From: Wei Dai (weidai@eskimo.com)
Date: Mon Jun 03 2002 - 12:08:14 MDT
On Sun, Jun 02, 2002 at 09:08:59AM -0700, Lee Corbin wrote:
> As people are programs too, are you saying that this is also true of
> human beings? That is, that someone who dies before achievement of his
> or her goals hasn't benefited from living at all? Surely not.
I said "may not". Some people would consider themselves as having
benefited, others would not. I don't think you should assume that everyone
would.
> This touches an important component of values, either conscious or
> unconscious, that perhaps many people have. It's an extreme form
> of the principle "the ends justify the means". We have to return
> to this issue later, and in perhaps greater generality.
Hmm, I wonder if you misunderstood me. What I meant is that if a program
paid a high subjective price (i.e. experienced various hardships) in
trying to reach a goal without knowing that it could be halted at any
time, and you involuntarily halt it just before it does, that seems pretty
bad. I'm not sure what the connection to "the ends justify the means" is.

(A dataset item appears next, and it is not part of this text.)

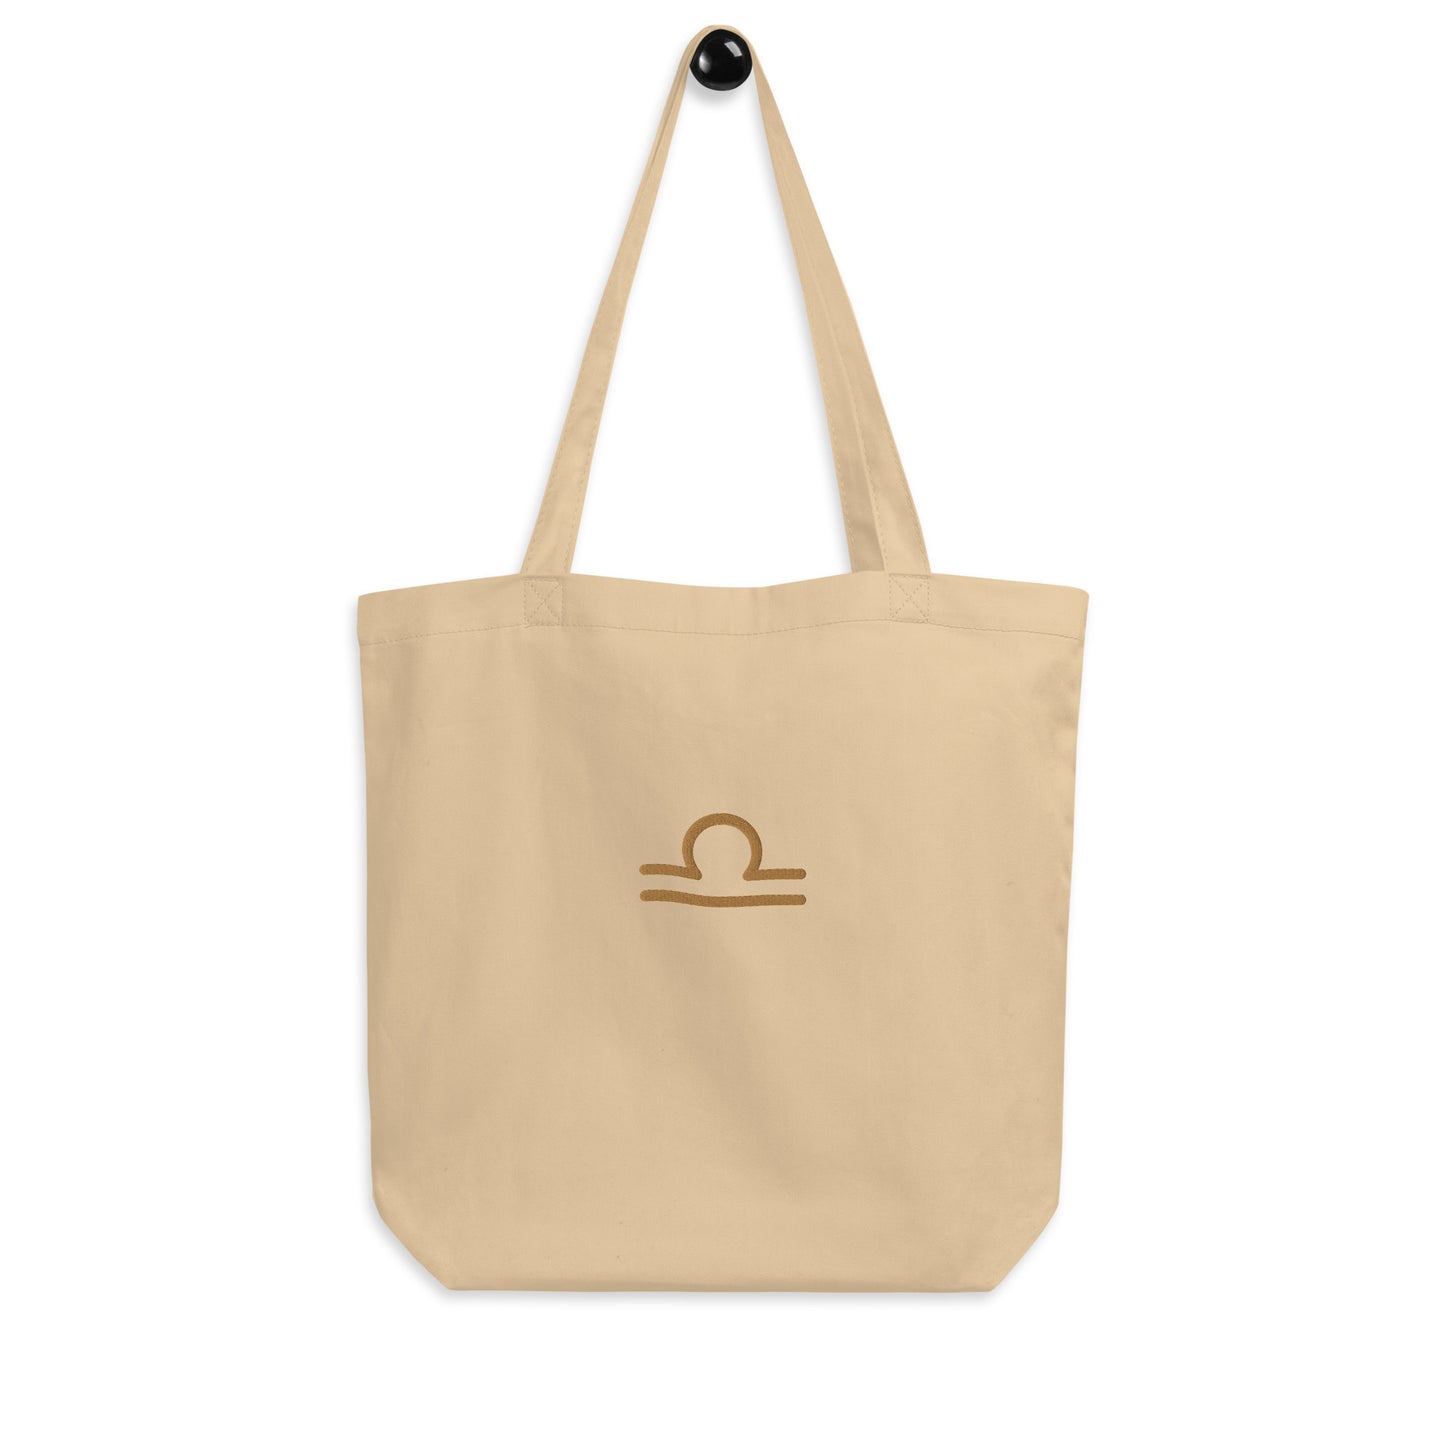 Libra - Small Open Tote Bag - Gold Thread

> I agree with that ethical rule, but not for same reason.
> If I'm living in a simulation, why wouldn't someone wish
> to inform me of the fact, as well as how much resources
> I have at my disposal?
Someone might want to simulate a society of people who don't know they're
living inside a simulation. Obviously if you tell people they're living
inside a simulation they're going to behave very differently.
> A piece of the moon, which is non-living, should be taken over
> by the nearest life that is capable of doing so.

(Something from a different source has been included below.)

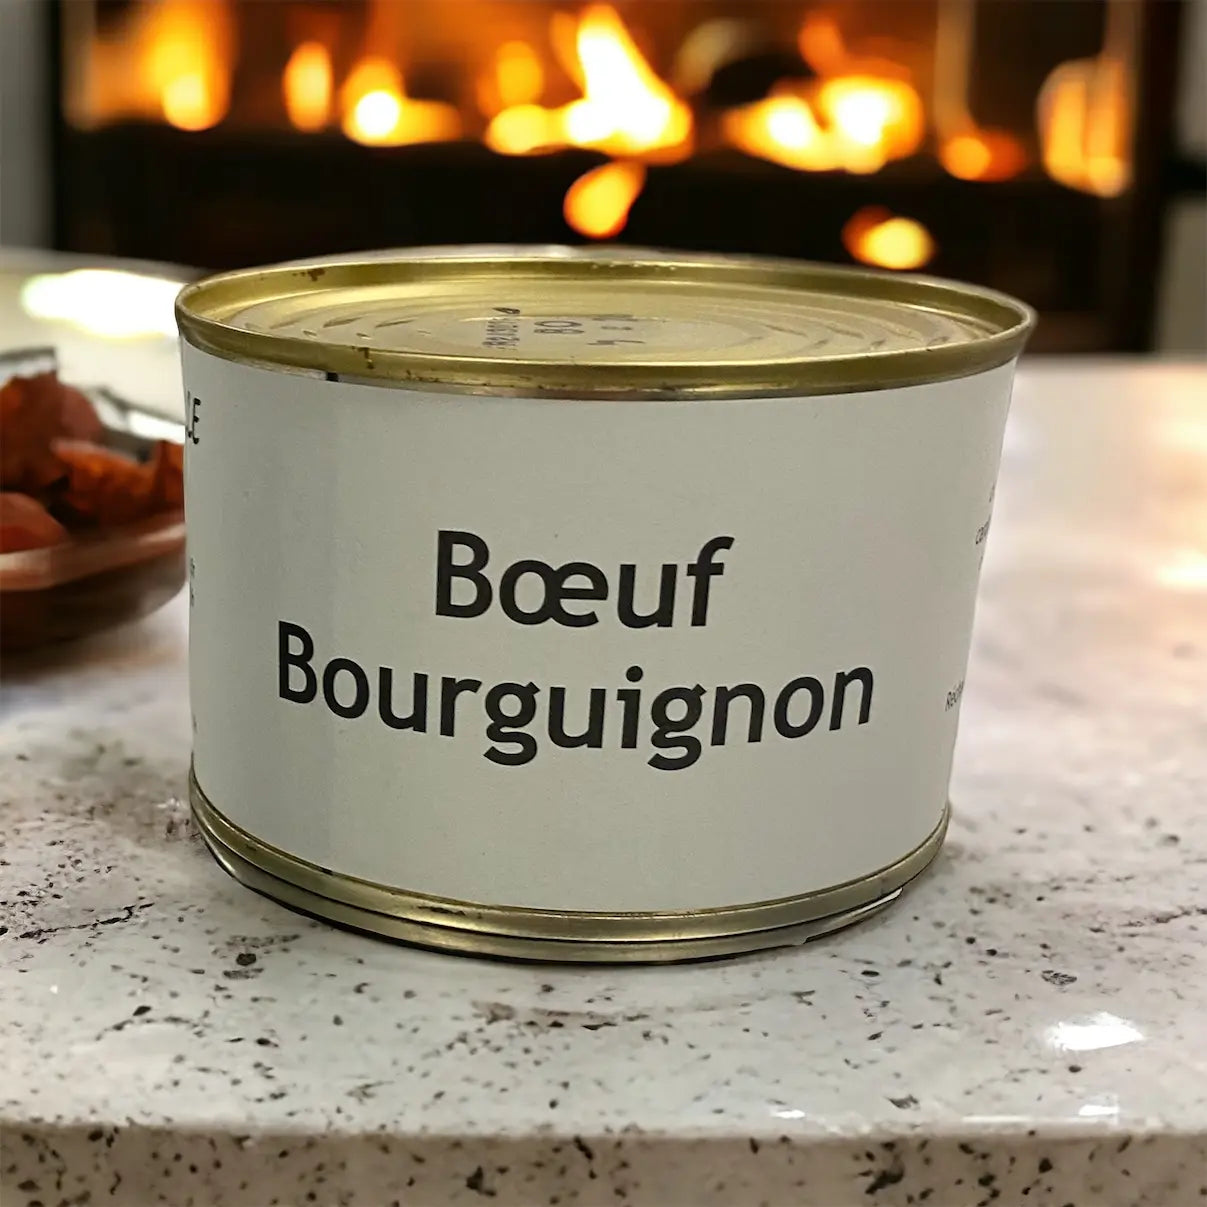 Boeuf bouguignon vendu par Jm Monterroir

You can't literally mean "nearest" since the moon is moving and a
different person is nearest it every second. You must mean whoever is able
to take over it first should do so. But how do you draw the line between
"taking over" and "just visiting"? Suppose some astronaut visited the
moon, claimed it for himself, then returned to Earth. Should everyone else
then respect his "property right" over the moon?
> After it is
> sentient, and infinitely vaster and more advanced algorithms
> show up to take over, they should do their best to observe the
> Meta-Golden rule: to that sentient life they discover, throw a
> few crumbs of run time, so that when in turn they are overcome by
> an even advanced life, they too won't simply be discarded.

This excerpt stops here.